La vista de la ciudad era magnífica. La
plaza Longueville parecía un hormiguero de hormigas rojas y negras, unas
civiles, otras militares; la flecha de la catedral disminuía poco a poco, y
marcaba como una aguja los progresos de la ascensión”. ***
Con evidentes
razones, a Verne se le asocia con el viaje en globo. No pocos creen recordar
que hasta en La vuelta al mudo en 80
días, el adinerado Phileas
Fogg y su ayudante Jean Passepartout cubrieron alguna distancia de su recorrido
en torno a la Tierra en este medio de transporte, el cual se suma a otros realizados
en tren, elefante, barco y demás. Pero, justamente, en esta obra no aparece
nuestro objeto destacado. La confusión se debe a que en la versión
cinematográfica de 1956 se incluye un tramo en esta simpática nave.
Un drama
en los aires, una de las
primeras obras del francés, cuenta una aventura sucedida en Alemania. Un hombre,
consumado volador de globo, tiene el propósito de llevar consigo a algunas
personas a pasear por las alturas.

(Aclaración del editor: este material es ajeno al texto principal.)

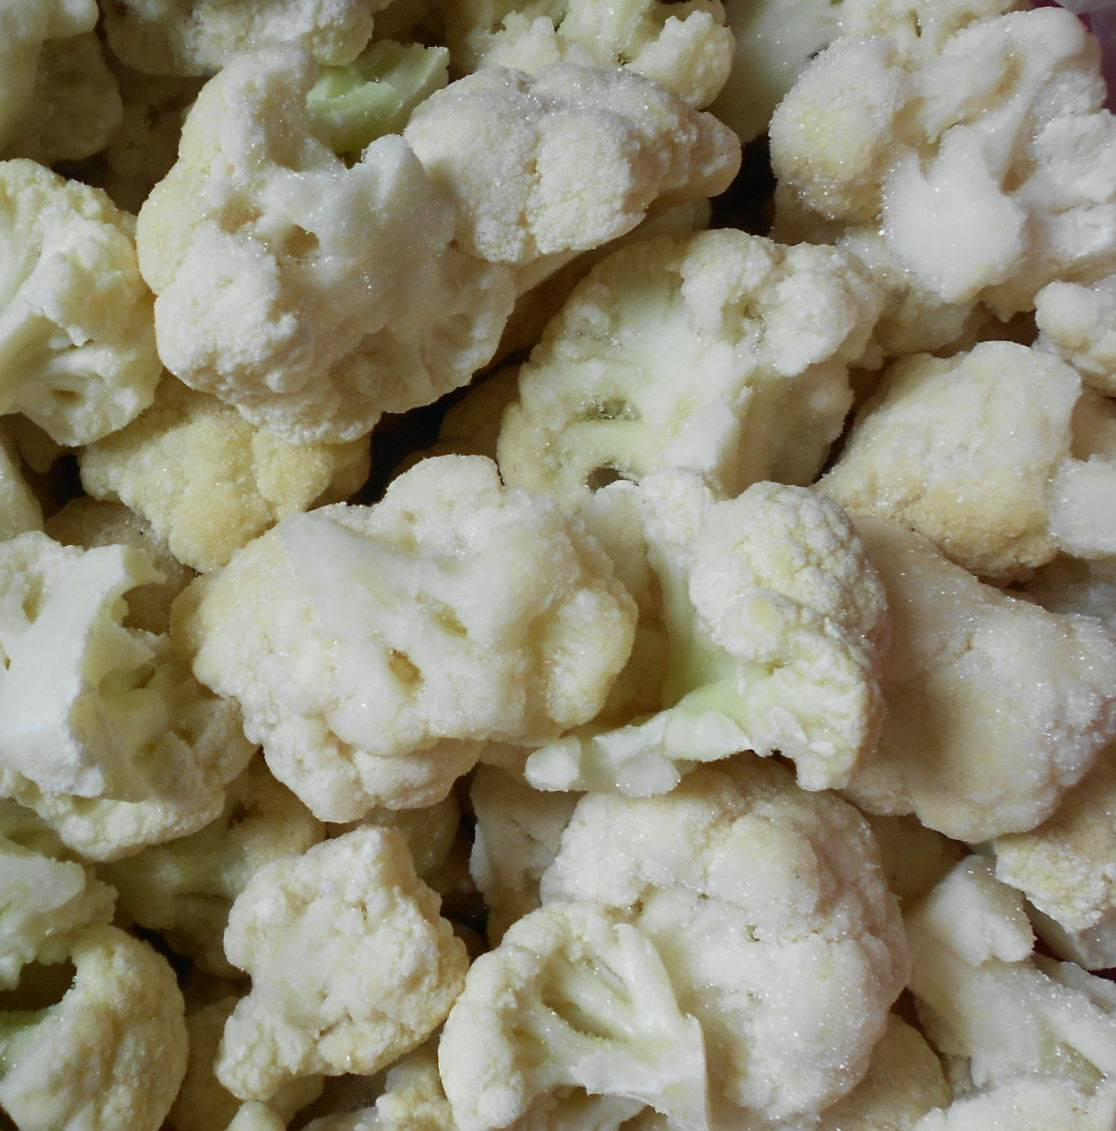 frozen foods frozen vegetables frozen cauliflower 3-5cm cut supply from china
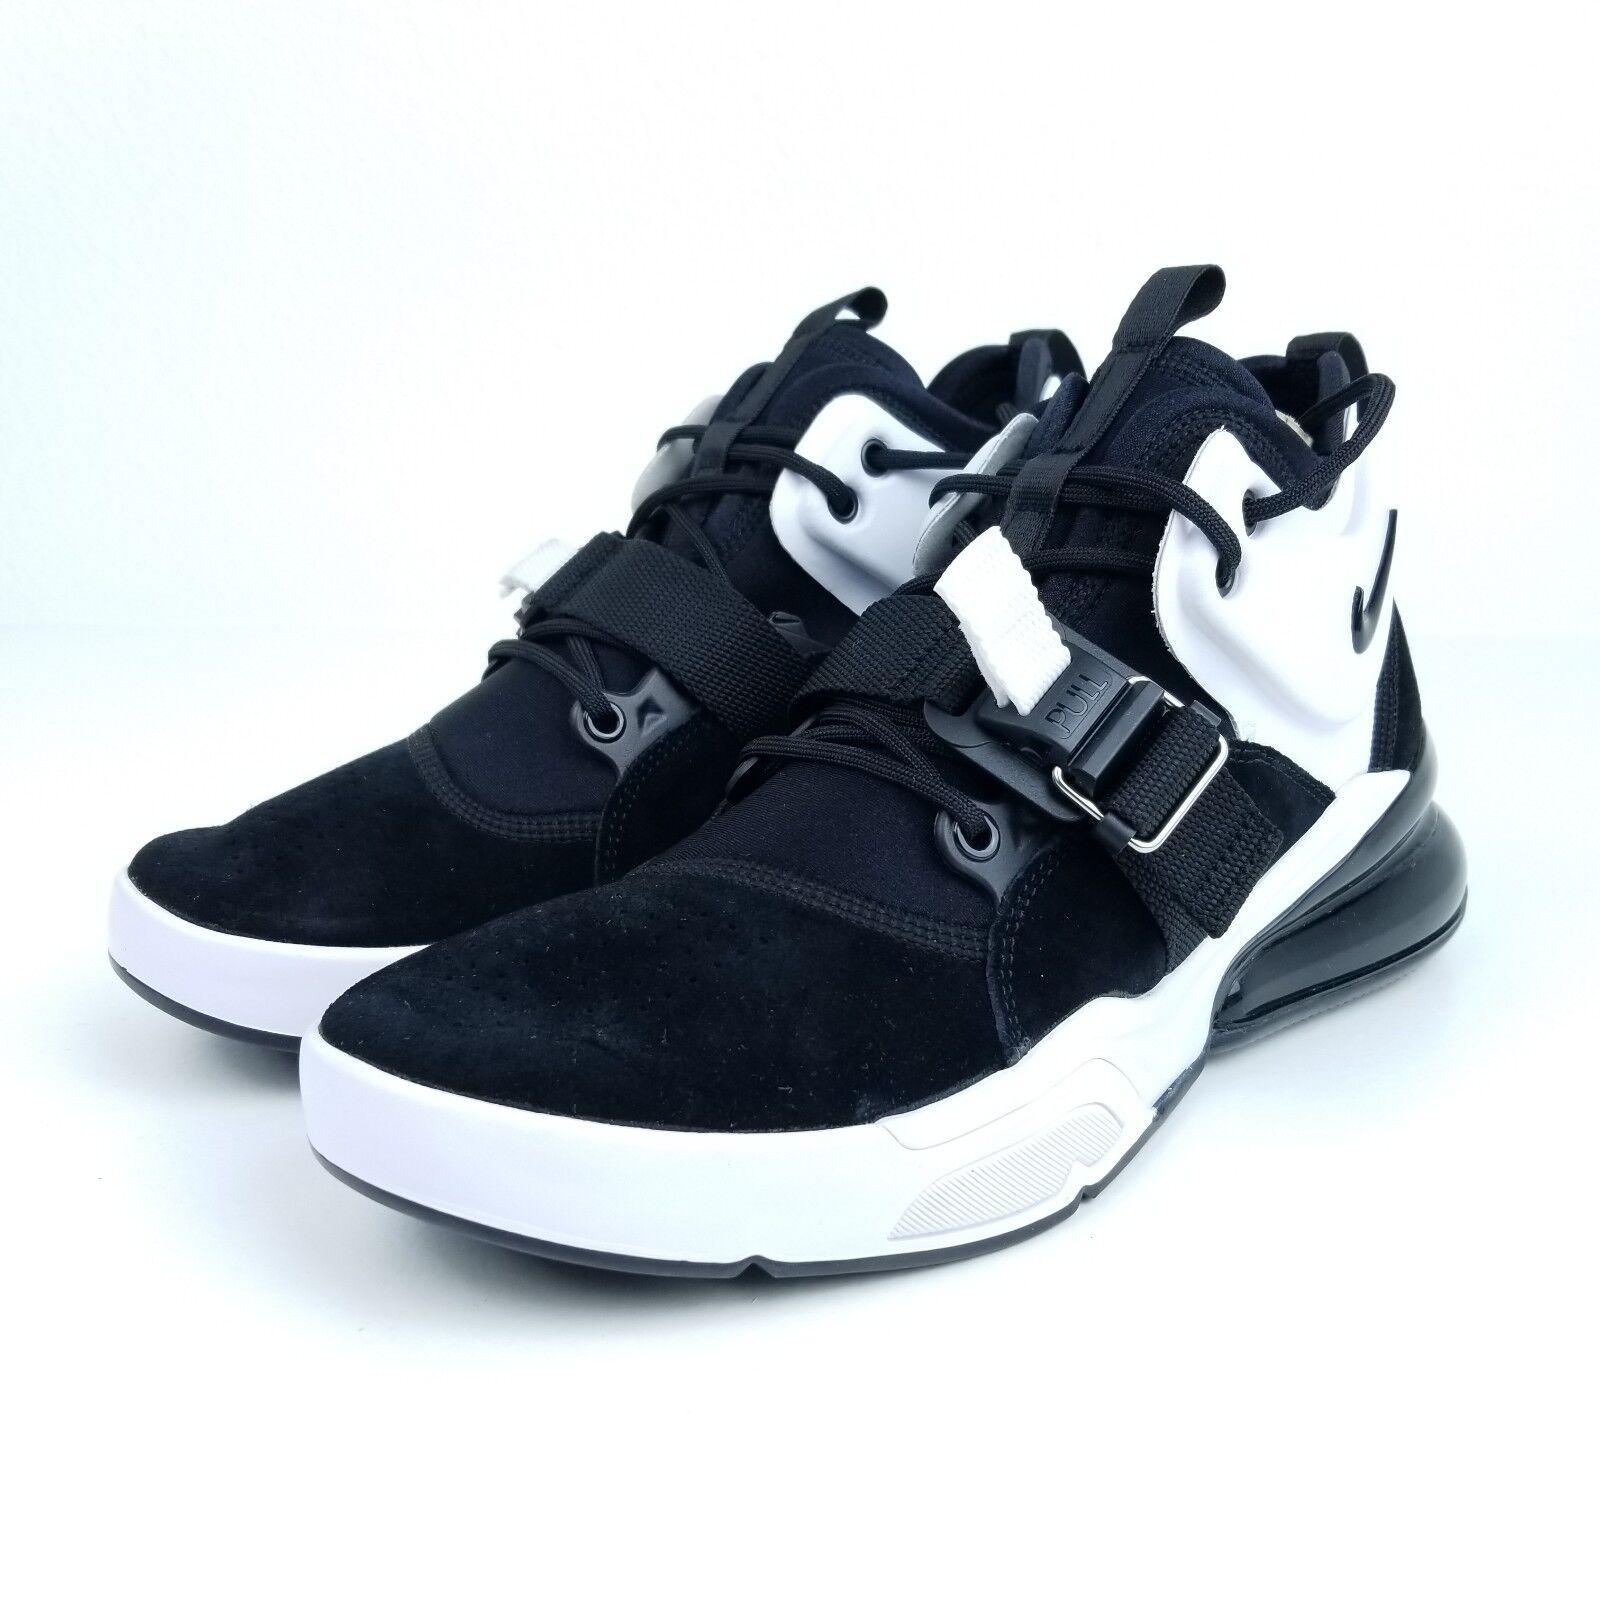 Nike Air Force 270 Black Metallic Silver White AH6772 006 Mens Sneaker Size 7-12

De pronto, en el último momento en tierra o,
mejor, en el primer momento de la ascensión, un sujeto salta al interior de la
canastilla. Un colado. No hay forma de apearlo. Minutos después, cuando están
muy arriba, una tormenta se forma en torno a los viajeros. Cuando el capitán se
dispone a descender para poner a todos a salvo, el intruso arroja sacos de
lastre al suelo para impedirlo. Su propuesta es subir por encima del fenómeno
meteorológico. “¿Qué hay más hermoso que
dominar esas nubes que aplastan la tierra? ¿No es un reto navegar de esta forma
sobre las olas aéreas?”, pregunta el intruso imprudente. Después se desata una
cadena de zozobra.
Volemos de regreso a Medellín, al lado del héroe de las primeras
líneas de esta columna, el mexicano Antonio
Guerrero. Según el cronista, volvió a la ciudad con sus compañías de acróbatas
y luego delegó el oficio a otros. El último de “esa rara y valerosa especie”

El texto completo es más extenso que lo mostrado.